### TASK TO COMPLETE
The full listing, word for word and free of images, is the expected result.

### RECORDED DATA
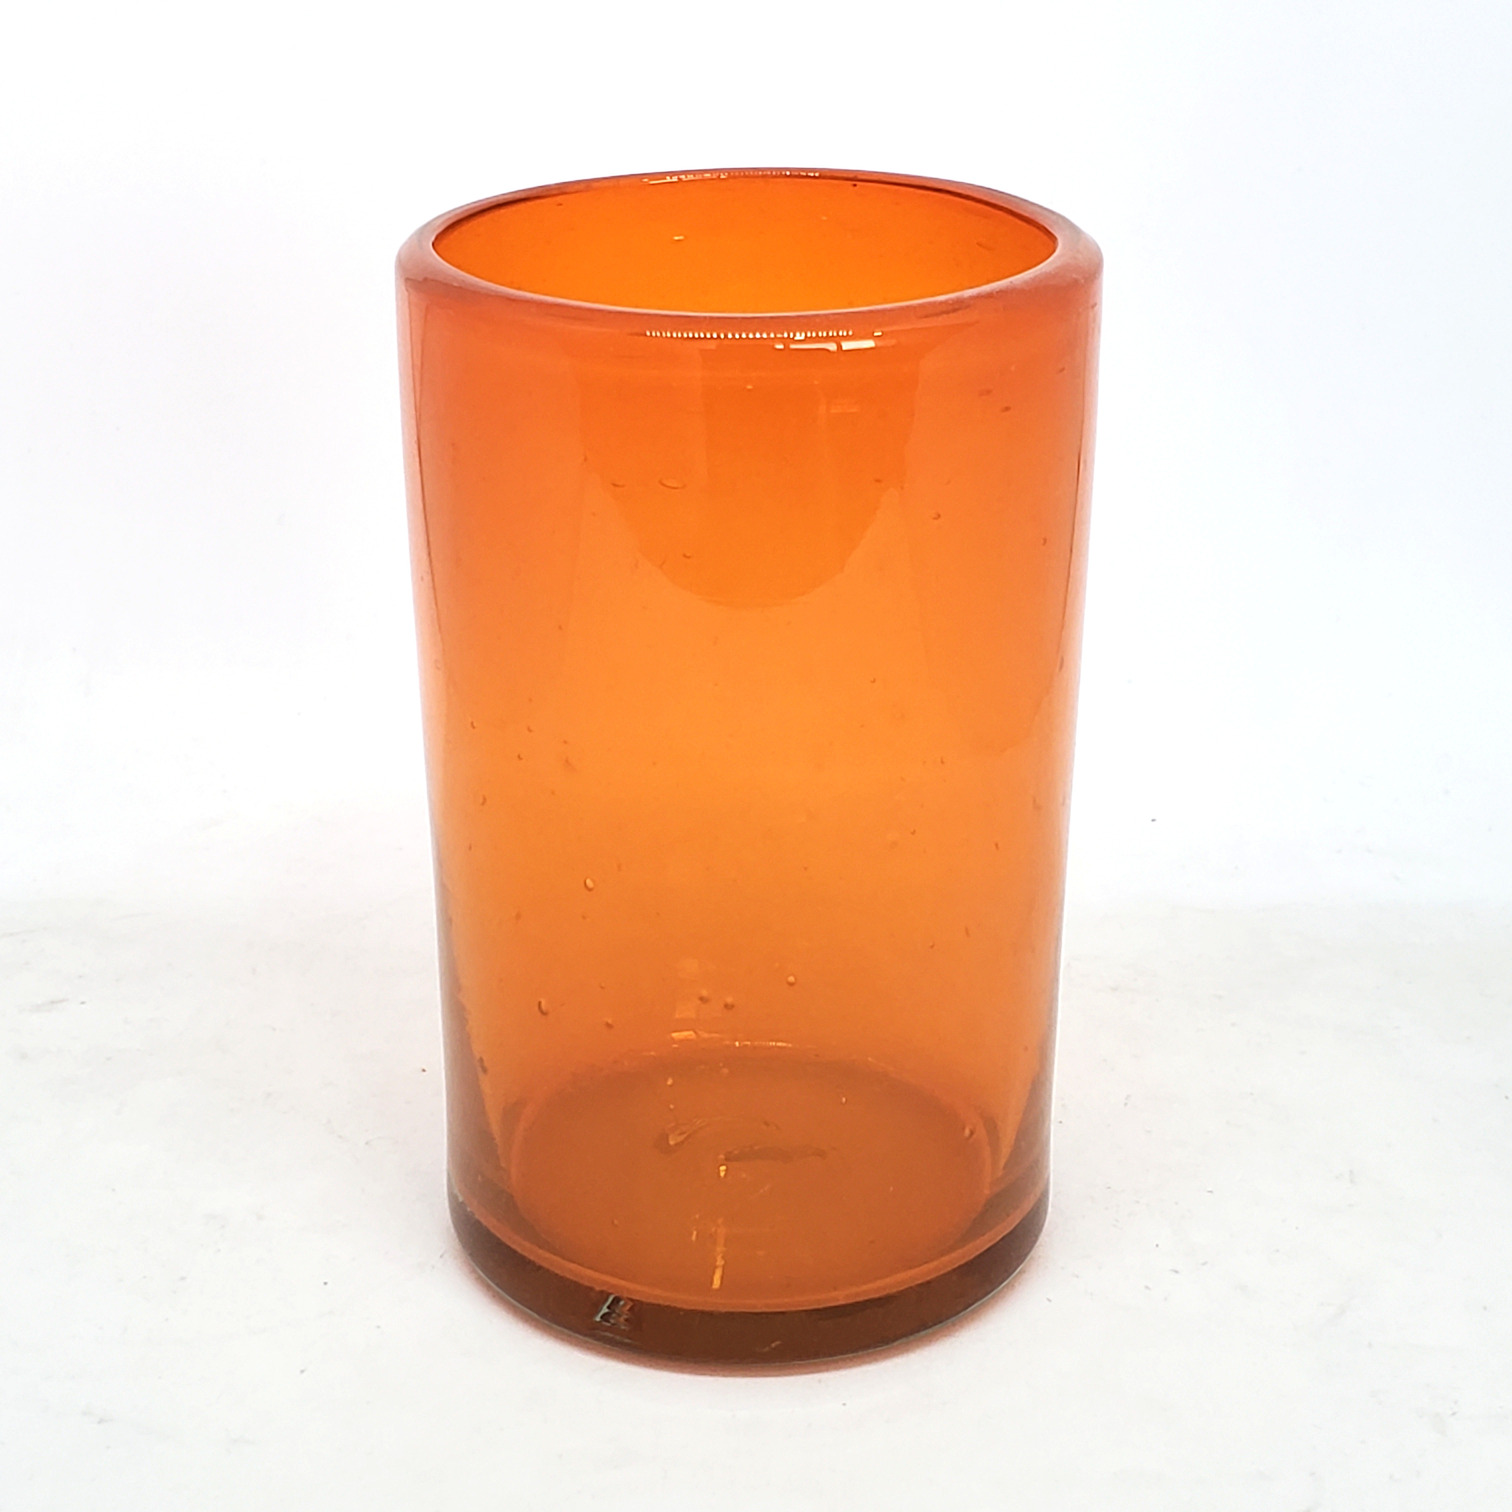 Colores Solidos al Mayoreo / vasos grandes color naranja / Éstos artesanales vasos le darán un toque clásico a su bebida favorita.
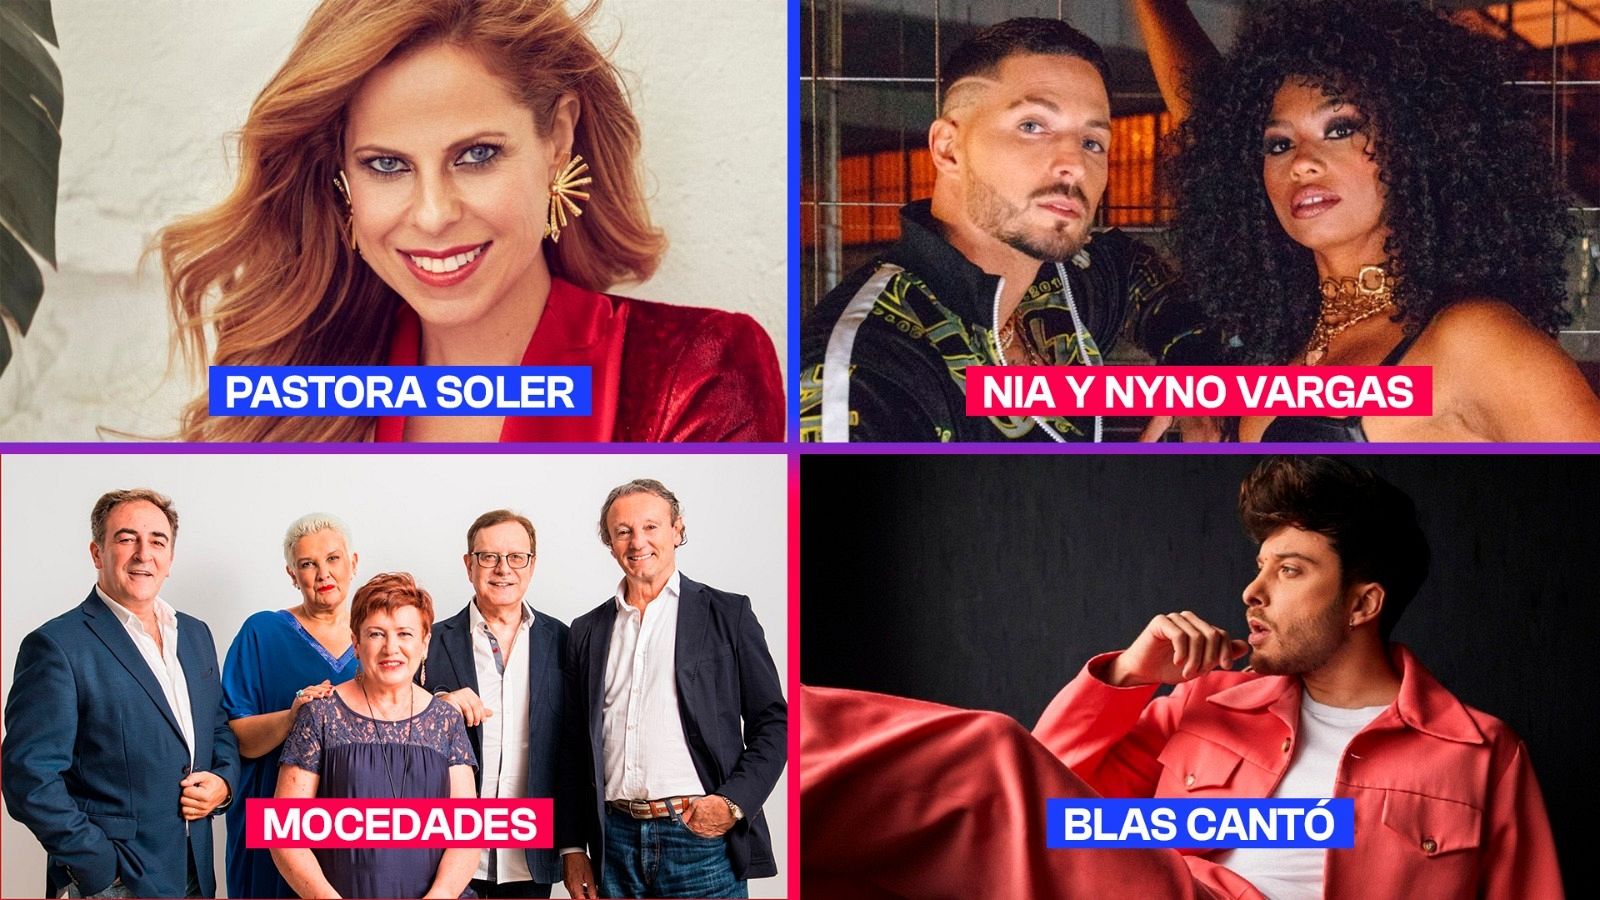 Pastora Soler, Mocedades, Blas Canto, Nia y Nyno Vargas, los artistas invitados de la Gran Semifinal del Benidorm Fest
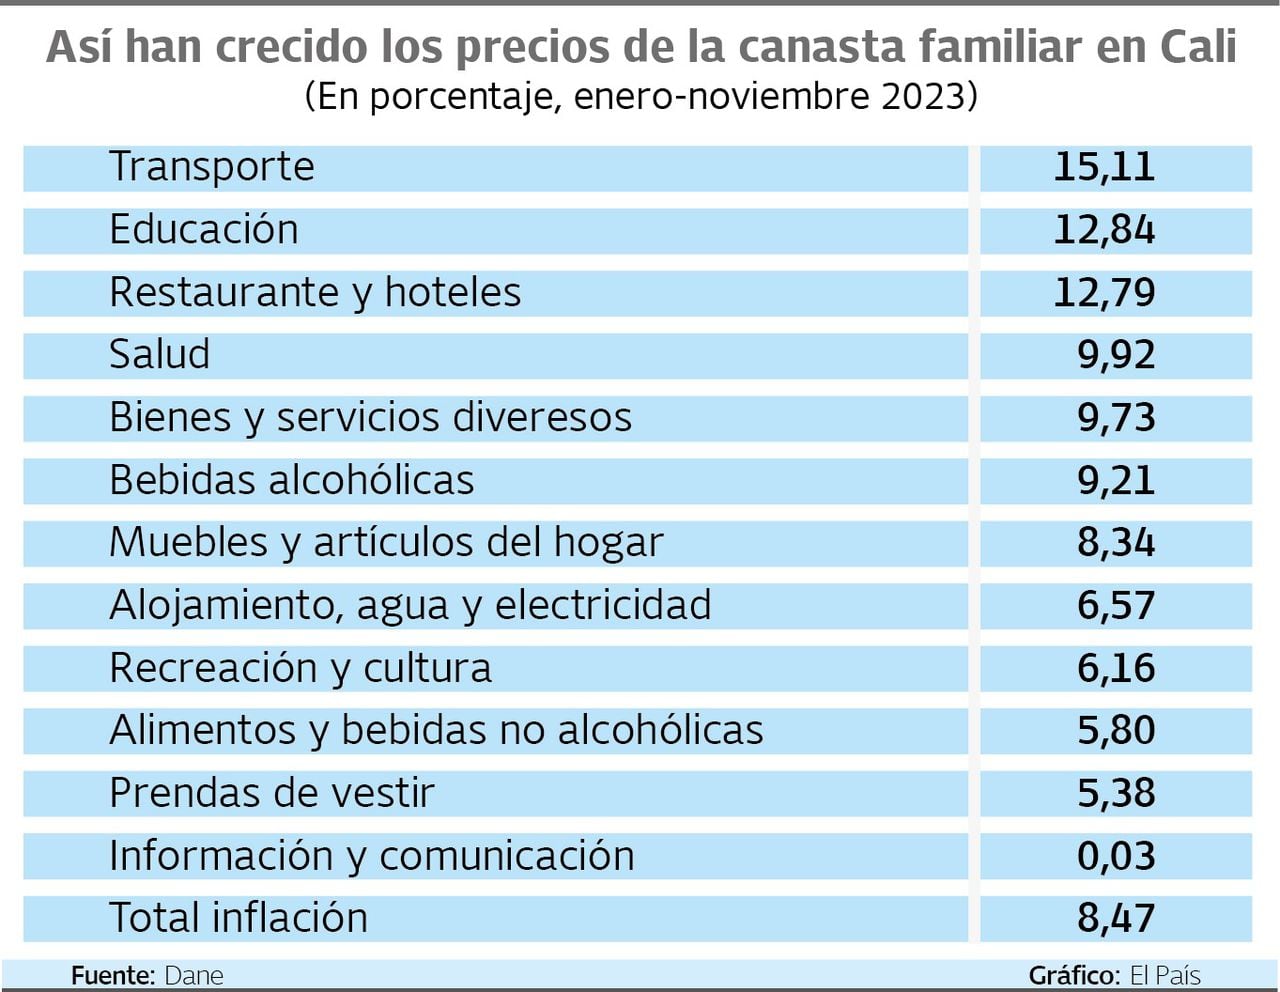 Precios de la canasta familiar en Cali, enero - noviembre 2023
Gráfico: El País    Fuente: Dane

### ANSWER TO THIS EXERCISE
 Colores Solidos al Mayoreo / vasos grandes color naranja / Éstos artesanales vasos le darán un toque clásico a su bebida favorita.
 Pastora Soler, Mocedades, Blas Canto, Nia y Nyno Vargas, los artistas invitados de la Gran Semifinal del Benidorm Fest
 Precios de la canasta familiar en Cali, enero - noviembre 2023
Gráfico: El País    Fuente: Dane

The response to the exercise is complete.